Mussel Fork flows past approximately one mile to the southwest and the Union Ridge Conservation Area on Spring Creek is two miles north on Missouri Route D.

According to the United States Census Bureau, the city has a total area of 0.45 sqmi, all land.

==Demographics==

Historical population
| Census | Pop. | Note | %± |
| 1880 | 191 |  | — |
| 1890 | 267 |  | 39.8% |
| 1900 | 390 |  | 46.1% |
| 1910 | 454 |  | 16.4% |
| 1920 | 487 |  | 7.3% |
| 1930 | 376 |  | −22.8% |
| 1940 | 342 |  | −9.0% |
| 1950 | 287 |  | −16.1% |
| 1960 | 250 |  | −12.9% |
| 1970 | 235 |  | −6.0% |
| 1980 | 285 |  | 21.3% |
| 1990 | 254 |  | −10.9% |
| 2000 | 308 |  | 21.3% |
| 2010 | 275 |  | −10.7% |
| 2020 | 224 |  | −18.5% |
U.S. Decennial Census

===2010 census===
As of the census of 2010, there were 275 people, 123 households, and 71 families residing in the city. The population density was 611.1 PD/sqmi. There were 147 housing units at an average density of 326.7 /sqmi. The racial makeup of the city was 99.6% White and 0.4% from two or more races. Hispanic or Latino of any race were 1.5% of the population.

There were 123 households, of which 27.6% had children under the age of 18 living with them, 42.3% were married couples living together, 11.4% had a female householder with no husband present, 4.1% had a male householder with no wife present, and 42.3% were non-families. 39.0% of all households were made up of individuals, and 24.4% had someone living alone who was 65 years of age or older. The average household size was 2.24 and the average family size was 3.03.

The median age in the city was 44.1 years. 23.3% of residents were under the age of 18; 8.8% were between the ages of 18 and 24; 19.6% were from 25 to 44; 25.9% were from 45 to 64; and 22.5% were 65 years of age or older. The gender makeup of the city was 48.0% male and 52.0% female.

===2000 census===
As of the census of 2000, there were 308 people, 133 households, and 75 families residing in the city. The population density was 673.4 PD/sqmi. There were 148 housing units at an average density of 323.6 /sqmi. The racial makeup of the city was 99.68% White and 0.32% Native American.

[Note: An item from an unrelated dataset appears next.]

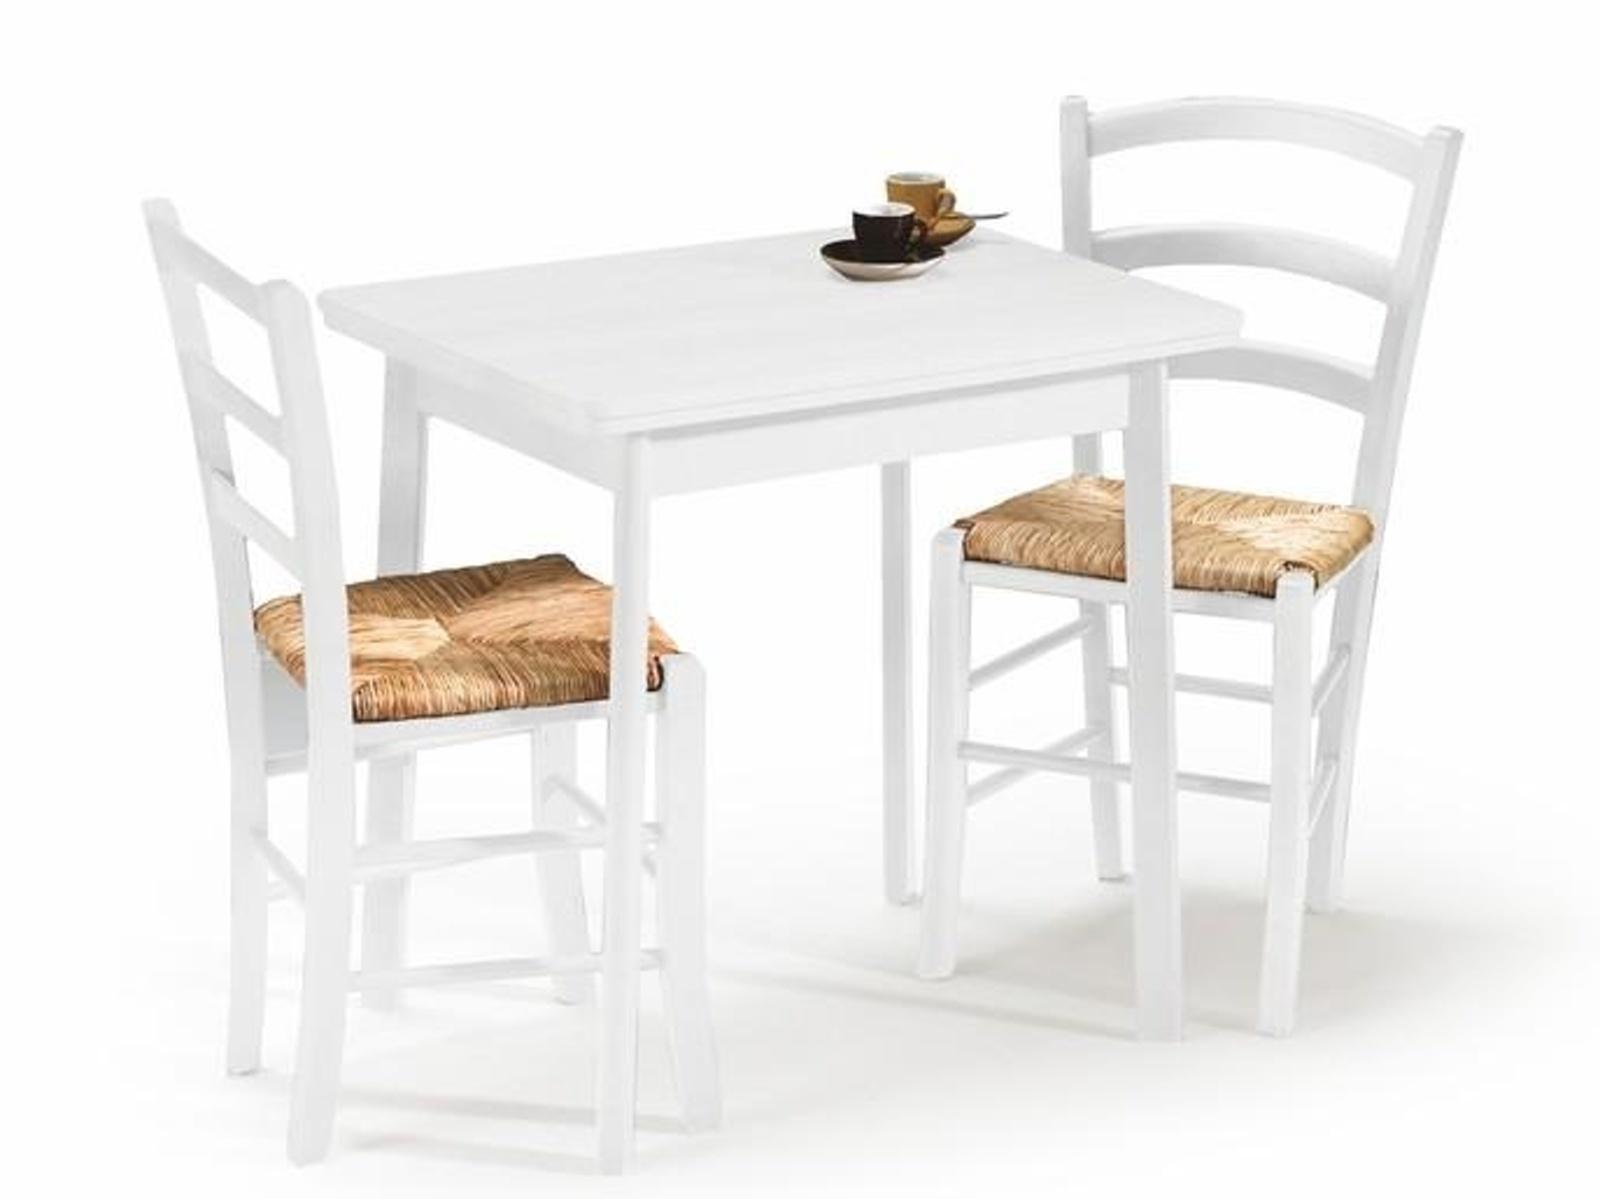 Halmar Jídelní stůl rozkládací ENTER, bílý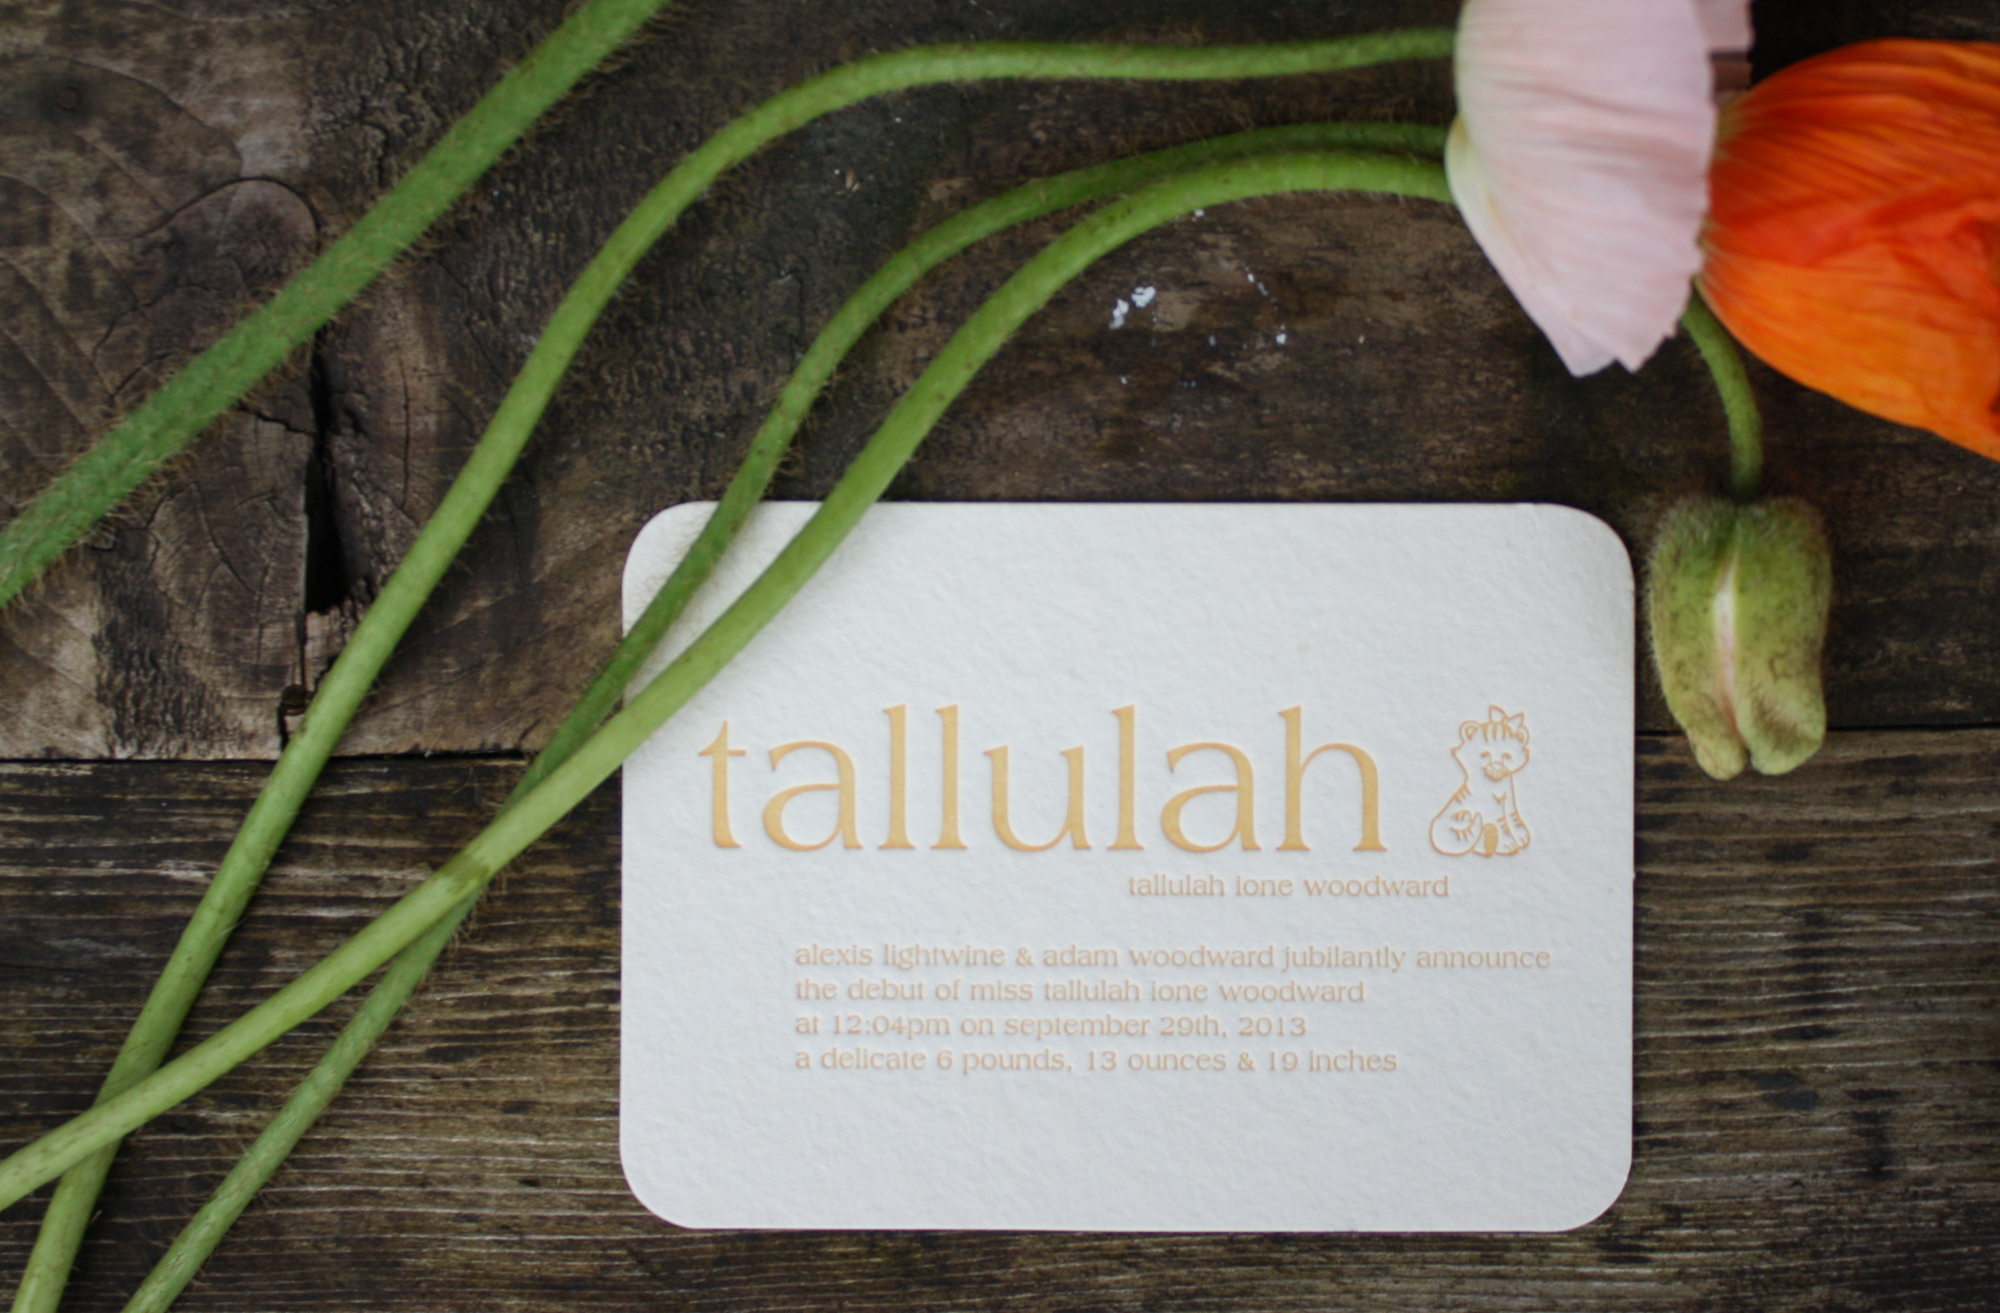 The Tallulah Announcement

There were 133 households, out of which 28.6% had children under the age of 18 living with them, 47.4% were married couples living together, 6.0% had a female householder with no husband present, and 42.9% were non-families. 40.6% of all households were made up of individuals, and 18.8% had someone living alone who was 65 years of age or older. The average household size was 2.32 and the average family size was 3.17.

In the city the population was spread out, with 28.9% under the age of 18, 4.9% from 18 to 24, 26.0% from 25 to 44, 24.7% from 45 to 64, and 15.6% who were 65 years of age or older. The median age was 37 years. For every 100 females, there were 85.5 males. For every 100 females age 18 and over, there were 90.4 males.

The median income for a household in the city was $17,500, and the median income for a family was $23,438. Males had a median income of $21,042 versus $18,625 for females. The per capita income for the city was $10,369. About 19.5% of families and 27.1% of the population were below the poverty line, including 22.6% of those under the age of eighteen and 33.3% of those 65 or over.